É possível encontrar em muitas descrições de vinho o adjetivo “mineral”, enaltecendo as características de um certo vinho, por mais vã que esta ligação pareça. Este adjetivo tornou-se um chavão para quem quer vender vinho ou descrevê-lo. Sem dúvida que a sua utilização tem sido abusiva e inapropriada em muitos casos, especialmente quando o vinho que está a ser descrito não apresenta característica organolética alguma que justifique a sua utilização. De qualquer forma, este termo que surgiu no mundo vínico na última década, tem gerado enorme discussão e está longe de se chegar a um consenso.
Apesar de muitos vinhos de topo mundial terem esta característica bem vincada, e esta ser reconhecida por provadores experientes, alguns cientistas não aprovam a sua utilização e resumem a sua ligação com os vinhos a mero romantismo. Alex Maltman, geólogo galês e autor de dois estudos publicados no Journal of Wine Research, sustenta que nem as plantas são capazes de transformar em aromas os minerais absorvidos no solo, nem as rochas que o compõe têm qualquer capacidade de agregar algum tipo de cheiro ou sabor ao vinho.
“Está cada vez mais na moda o uso do termo mineralidade na degustação dos vinhos. E a palavra leva o degustador a sustentar uma tese: a sensação é fruto do sabor dos minerais no vinho, que seriam transportados das rochas e solos através da planta. No entanto, há uma razão muito simples para que isso não possa acontecer: os minerais presentes no vinho são elementos nutrientes – tipicamente catiões metálicos – e distantemente relacionados com os minerais geológicos da vinha, que são compostos cristalinos complexos. O elemento mineral no vinho normalmente tem concentrações minúsculas e carece de sabor. As tentativas de explicar a perceção da mineralidade envolvendo alusões a materiais geológicos são irrelevantes. Seja o que diabos for, a tal mineralidade não tem, de forma alguma, qualquer relação com os minerais extraídos pela videira”.

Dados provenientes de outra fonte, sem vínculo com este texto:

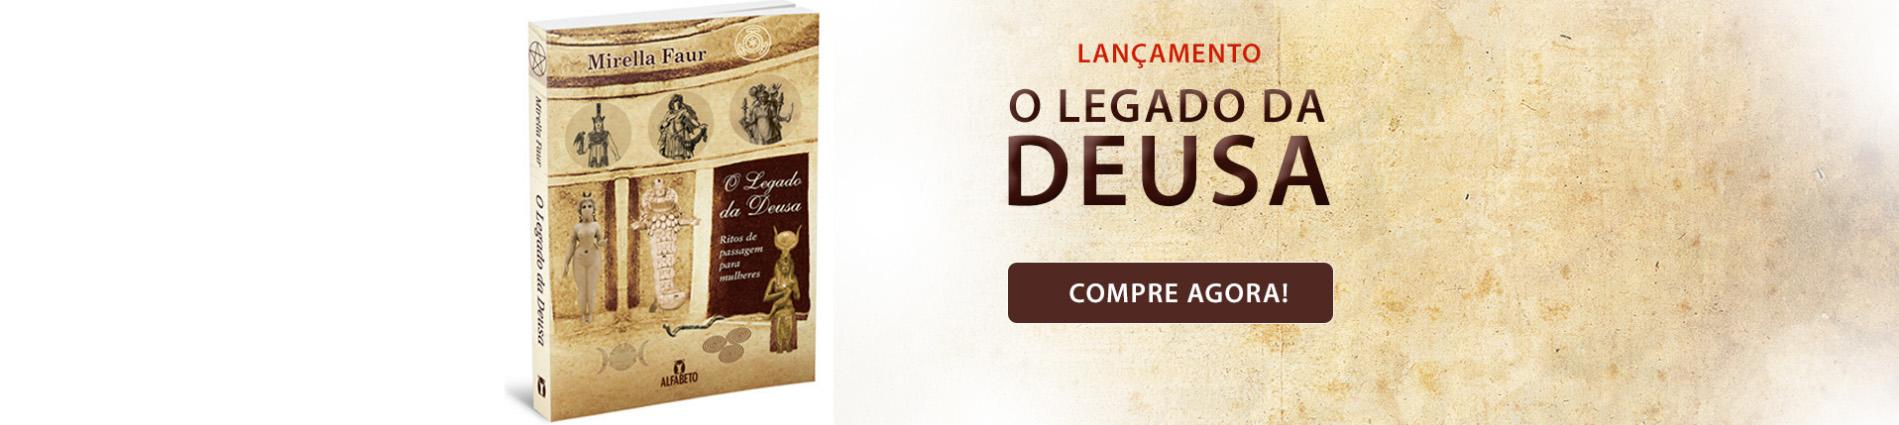 https://cdn.brasilesoterico.com/imagens_banners/adaca0c2934eeaf886fd6f1774c4184f.jpg

De opinião contrária é austríaco Nikolaus Saahs, da Nikolaihof:
“Muitos dos nossos vinhos trazem um forte componente mineral. E isso está diretamente associado ao solo. Tenho plena convicção disso e vou mais longe. Acredito que produtores que não usem aditivos, pesticidas e fertilizantes químicos, tendem a ter videiras mais fortes que sejam capazes de absorver em plenitude os minerais presentes no solo. E esta absorção revela-se na hora em que fazemos o vinho, também de forma menos intervencionista, com leveduras indígenas, sem clarificação, colagens ou filtrações”.
Guilherme Corrêa, da Wines By Heart também defende a mineralidade, dando exemplos de vários vinhos do mundo em que esta característica é notória:
“Não sabemos exatamente porque razão os vinhos dos Açores carregam um poderoso aroma e sabor de pedra-pomes, mas até o provador mais inexperiente consegue senti-lo. Da mesma forma, os aromas de ardósia serrada dos Riesling do Mosel, os aromas de giz de um Chablis, de sílica friccionada de um Pouilly-Fumé, de pedra calcária molhada de um Vitovska do Carso, de cantos rodados ao sol num Bordeaux, de pó de granito de um Nebbiolo da Valtellina.”
É evidente que é possível perceber estes aromas na prova e a utilização do termo faz sentido dada a sua ligação com a definição de terroir. Dado que a sua interpretação causa discórdia, creio que a utilização do termo “sensação de mineralidade” seria mais adequado e traria mais concordância à discussão.
Ricardo Ferreira, jovem escanção natural de Penacova, assina a rubrica de vinhos no Penacova Actual, sendo atualmente responsável pela carta de vinhos do Rossio Gastrobar do Altis Avenida.